*** DATA EXTRACT Section Begins ***

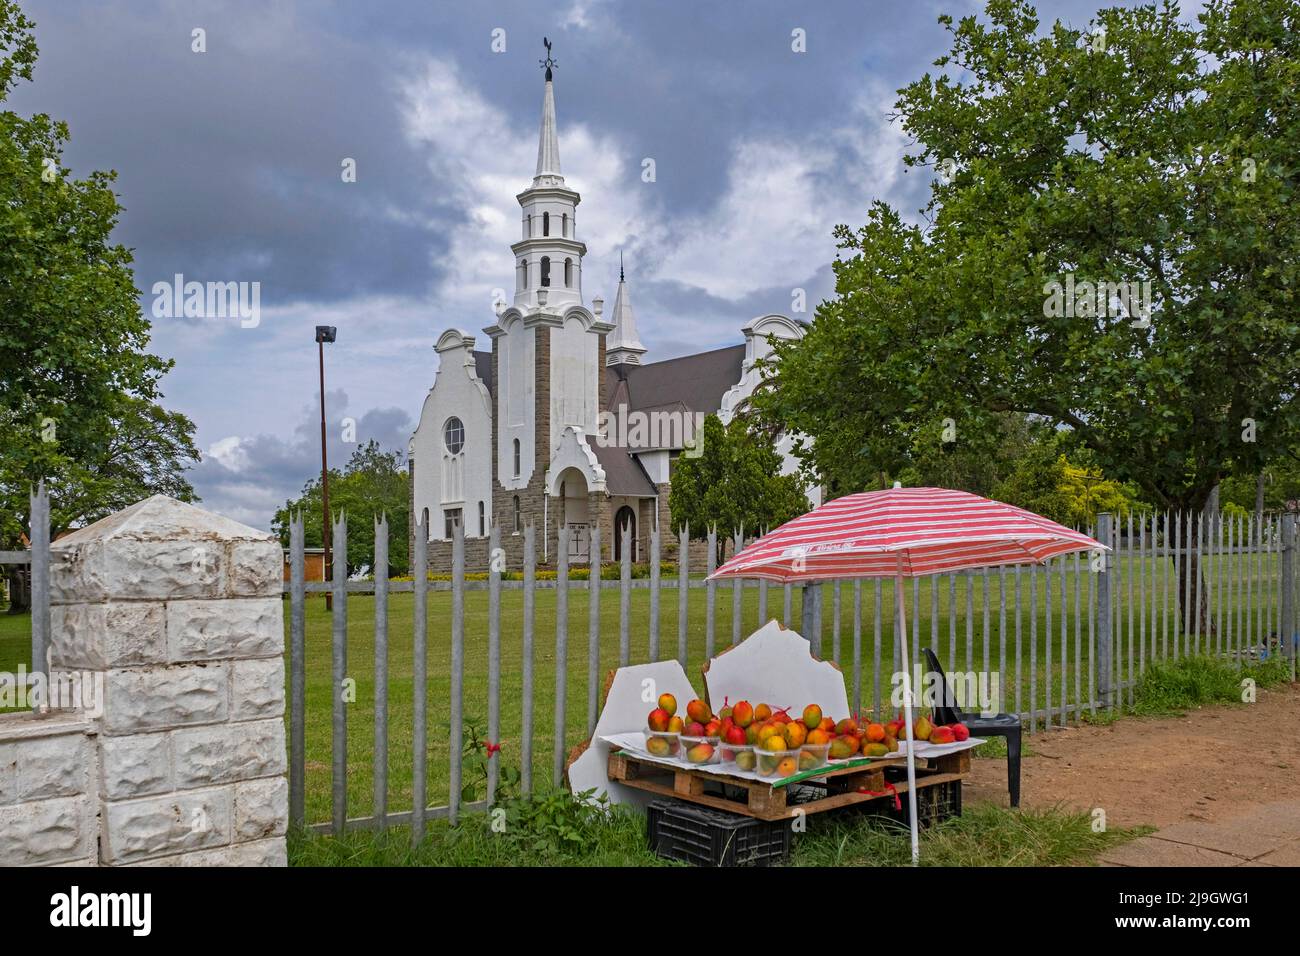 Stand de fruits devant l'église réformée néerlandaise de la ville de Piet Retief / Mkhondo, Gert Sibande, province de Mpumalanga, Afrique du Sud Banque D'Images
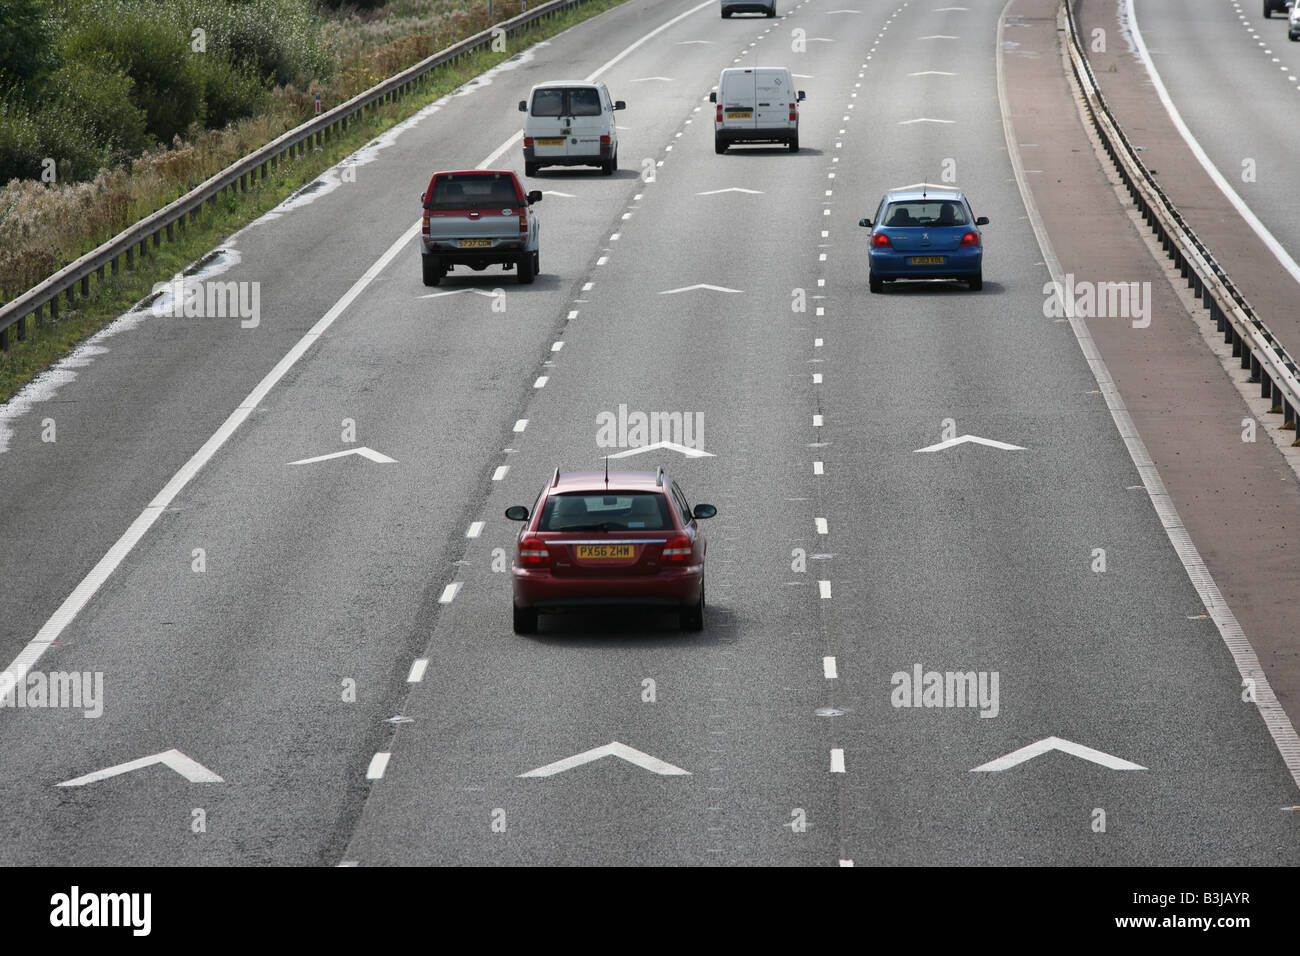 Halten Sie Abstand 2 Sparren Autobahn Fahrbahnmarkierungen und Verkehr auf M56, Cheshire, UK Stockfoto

*** DATA EXTRACT Section Ends ***
*** DATA EXTRACT Section Begins ***

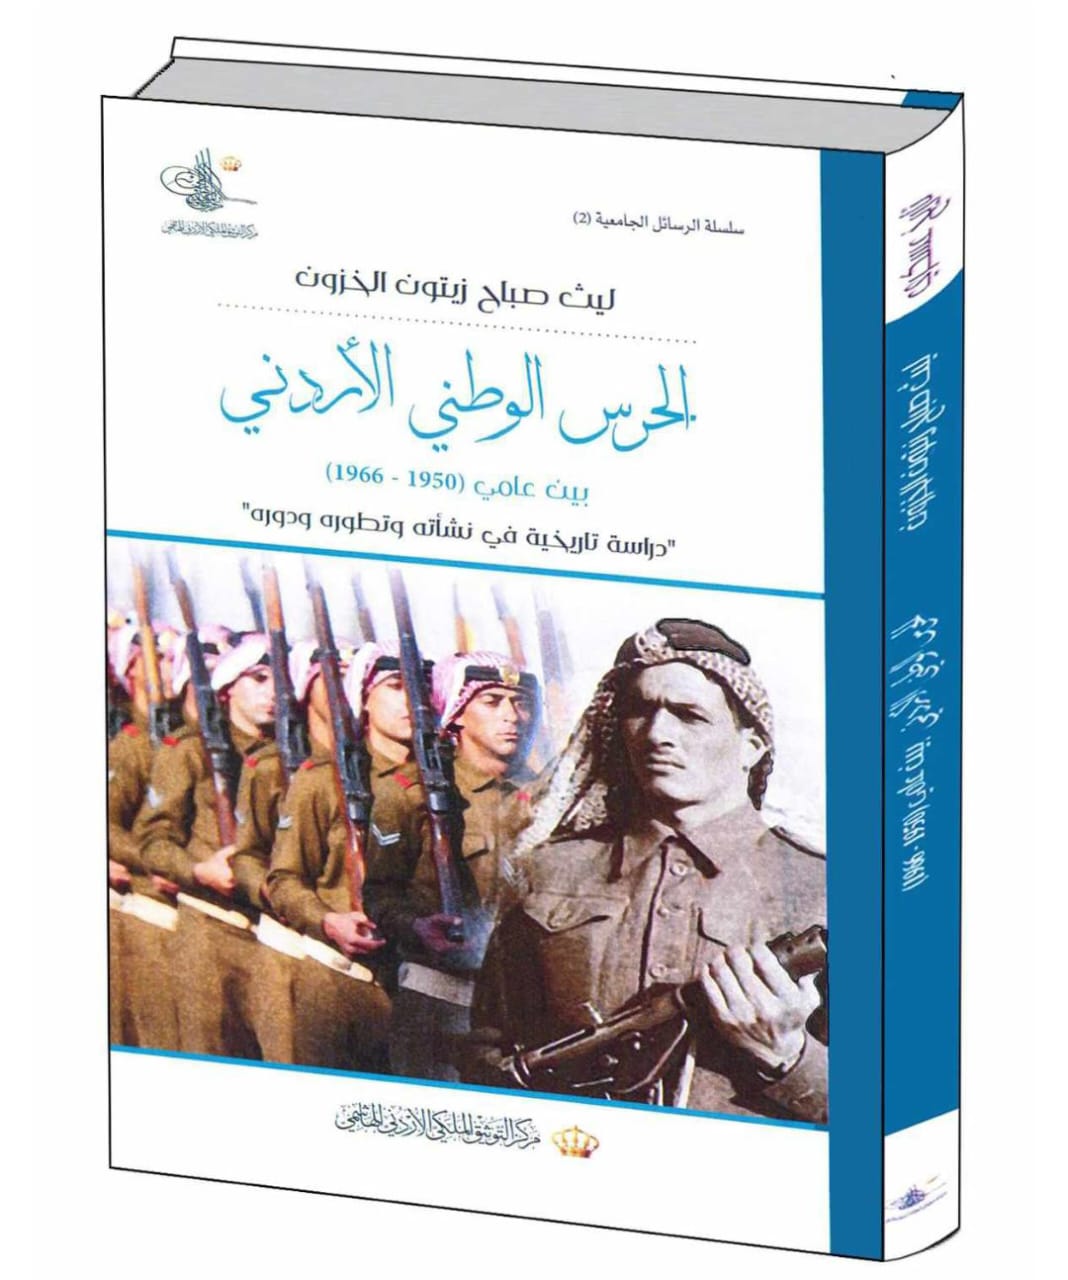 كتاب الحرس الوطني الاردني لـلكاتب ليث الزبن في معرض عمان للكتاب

*** DATA EXTRACT Section Ends ***
*** DATA EXTRACT Section Begins ***

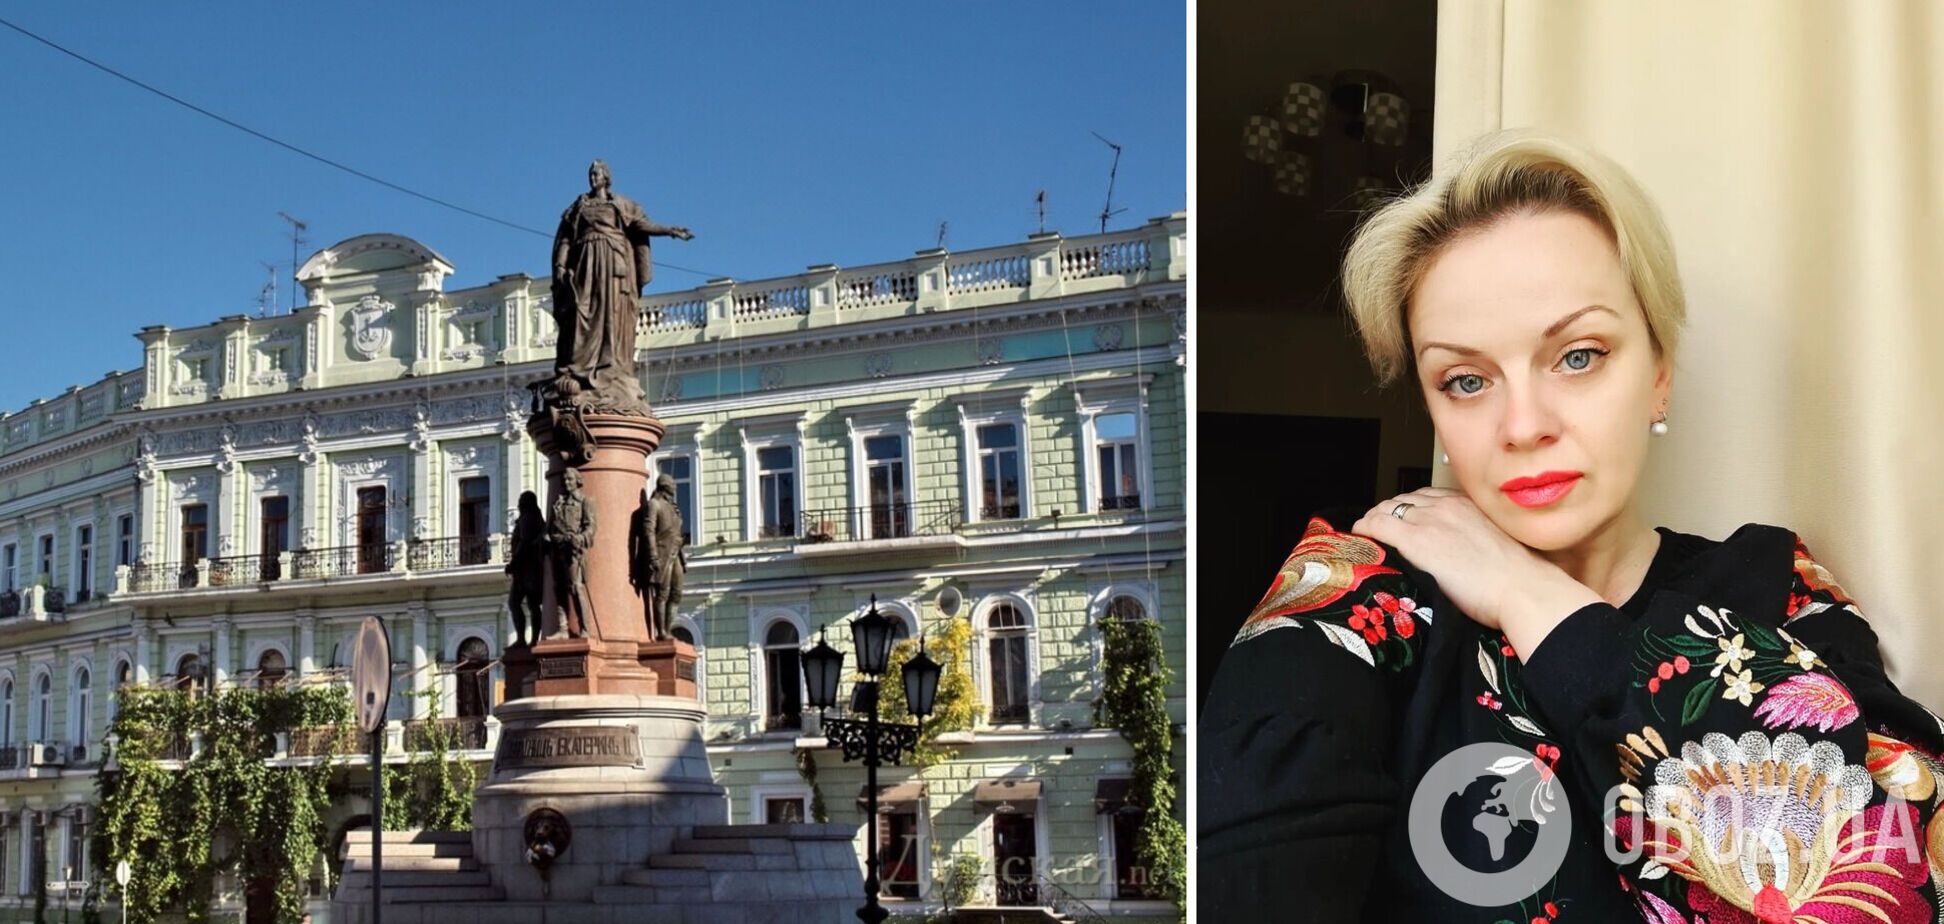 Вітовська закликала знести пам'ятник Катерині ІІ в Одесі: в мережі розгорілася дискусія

*** DATA EXTRACT Section Ends ***

» BRIEF: What you return from the records above should be exactly everything from the line with "Stand de fruits" down to the line with "Halten Sie Abstand", both kept, and no pictures.

» FINISHED TASK:
 Stand de fruits devant l'église réformée néerlandaise de la ville de Piet Retief / Mkhondo, Gert Sibande, province de Mpumalanga, Afrique du Sud Banque D'Images
 Halten Sie Abstand 2 Sparren Autobahn Fahrbahnmarkierungen und Verkehr auf M56, Cheshire, UK Stockfoto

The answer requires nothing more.